Oh, that’s what I wanted to do, I wanted to bring a little of the news your way. It’s time to find out… oh, yes. All right. I’d like to take a look at the news. First of all, the headlines, Welcome Wagon Runs Over Newcomer, Terrorists Blow Up Central America And Leave A Note, Off-Duty Policeman Killed By On-Duty Criminal, 21 Killed In 21-Gun Salute, and a Football Team Dies In Sudden Death Overtime. “Police fired over the heads of rioters today, however, they killed 200 people living on the second floor.” “Scientists have discovered a new disease which has no symptoms. It is impossible to detect, and there’s no known cure. Fortunately, no cases have been reported thus far.” “Doctors in Florida claim they are treating a 107-year-old woman who is pregnant. They say that because of her advanced age, she will have a grown-up.” “A man has barricaded himself inside of his house, however, he is not armed and no one is paying any attention to him.” “A man in Milwaukee has been arrested for attempting to use food stamps to mail a watermelon.” Christ, fucking studio audience in a newsroom, did you ever hear of anything like that? “Food and Drug Administration announced today that saliva causes stomach cancer. However, however, only when swallowed in small amounts over a long period of time.” “A man in Philadelphia has been arrested for attempting to make an unauthorized deposit in a sperm bank.” Use vote with your diaphragms, folks. “At the lake in City Park today, police arrested a one-armed man who was bothering the other boaters by continuously rowing in a circle.” “A dog has exploded on a busy downtown street corner. No one was killed, however, 20 people were overcome by fur. Police claim that 50 to 60 fleas also lost their lives in the blast.” Kind of wind up the news tonight, “Scientists have discovered a vaccine for apathy. However, they claim no one is showing the slightest bit of interest in it. They’re gonna throw it away.” Thank you, thank you.

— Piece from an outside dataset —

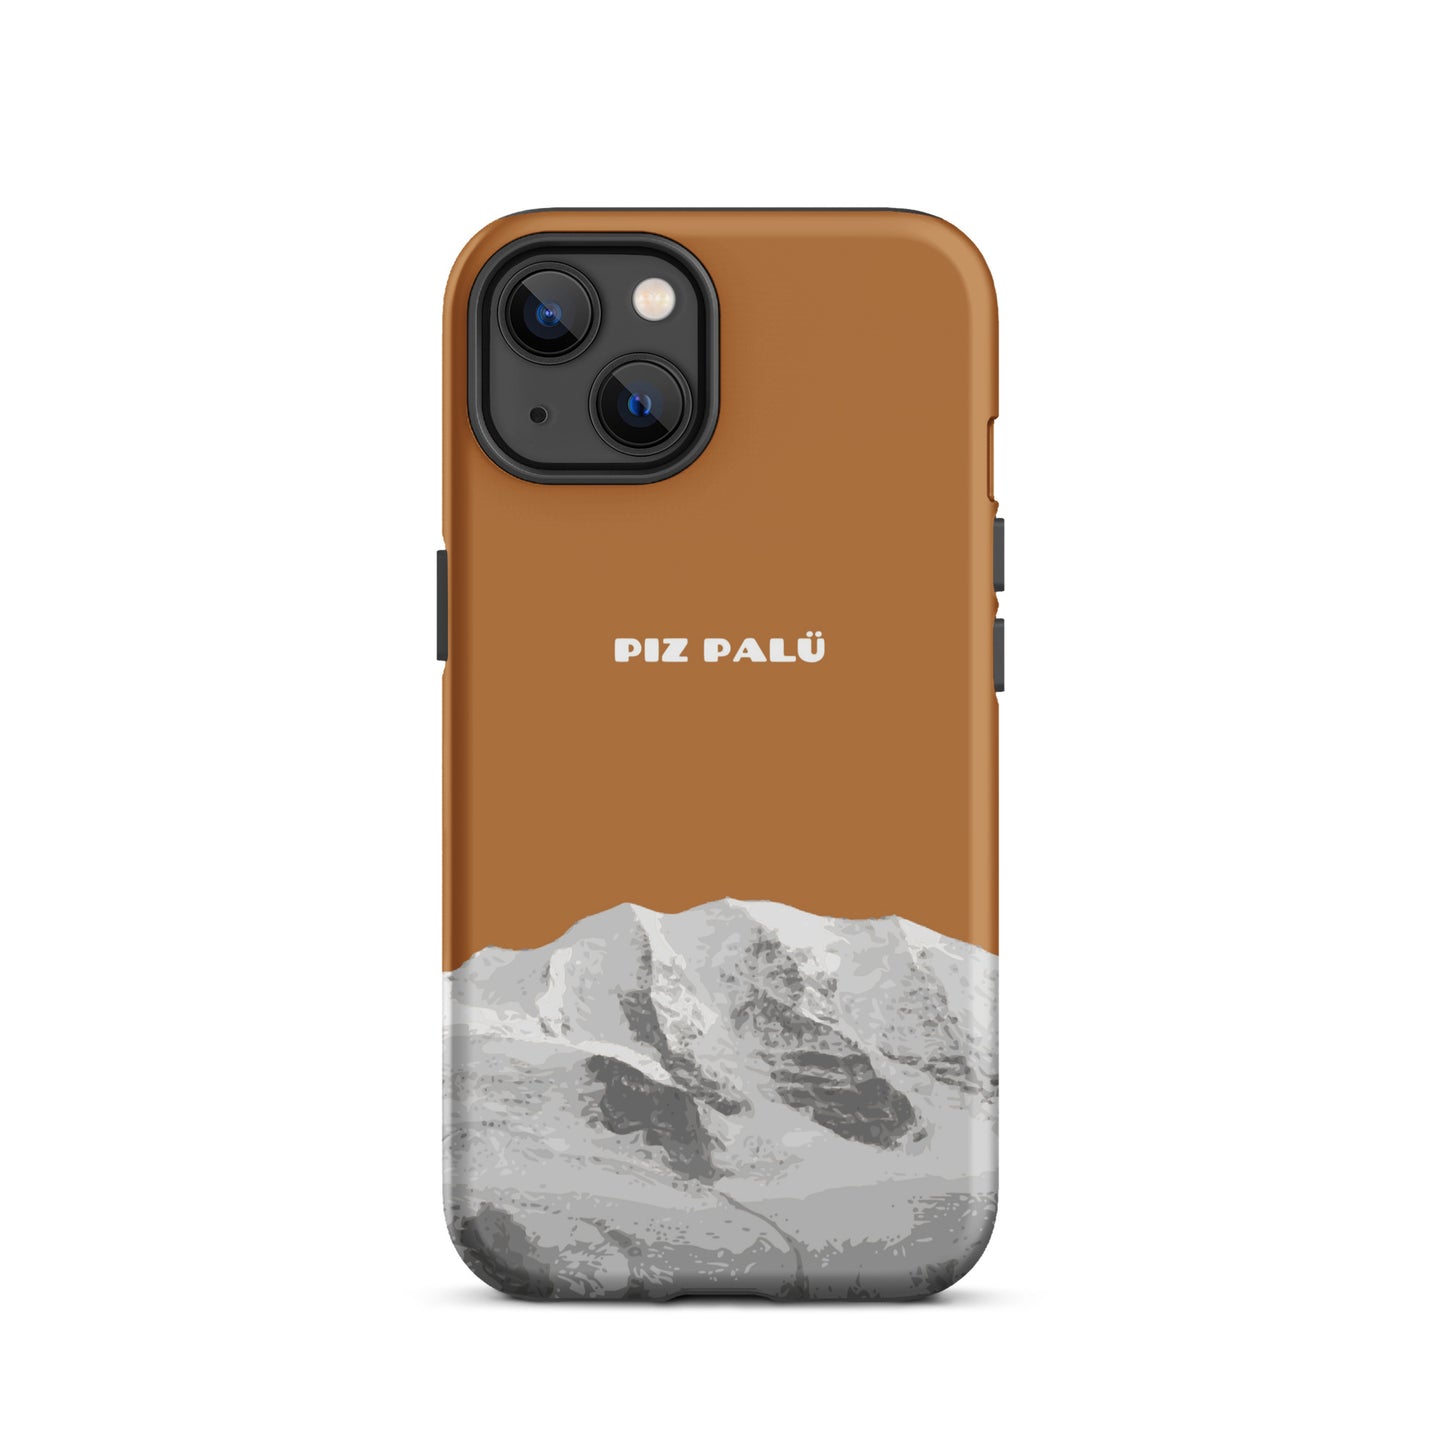 Hülle für das iPhone 13 Max von Apple in der Farbe Kupfer, dass den Piz Palü in Graubünden zeigt.

La la la la. George. Well, I knew that, uh, with a name like George, uh, I would have to add something else. Any old name could have emotion for you, though, even a brand name. Product names have things you expect from them. You have a little emotional investment in certain names. I mean, you wouldn’t buy, you wouldn’t eat Good Year pancakes, right? Any more than you would drive on Aunt Jemima tires, right? It’s just, you have feelings, you have expectations about it. If Janitor in a Drum made a douche, no one would buy it. There’s no market. It’s like 20 Mule Team mini pads, man. There’s no market for them. Raid feminine hygiene spray. Raid, wow. That’s what they call them, feminine hygiene spray. They’re under leg deodorants. Why do they avoid that. It’s obvious, under arm, under leg. Why do they avoid that, you know? I know, I guess it’s cause you have two armpits, you only have one leg pit. Uh… Well, I think things ought to be named for what they are. I think there ought to be a little more truth in names, you know? They’ve tried to clean up, to clean up advertising claims, let them clean up some of the names, like Excello and Acme and Ace and Top. Bullshit. Things should be called what they are. I’d like to bring out a new car, the 1977 Piece of Shit. A Division of United Consumer Fuckers. Yeah, company names are fun. Whammo, Whammo is a toy company. Aren’t you glad it’s not an airline? Would you get in the big Whammo bird, huh?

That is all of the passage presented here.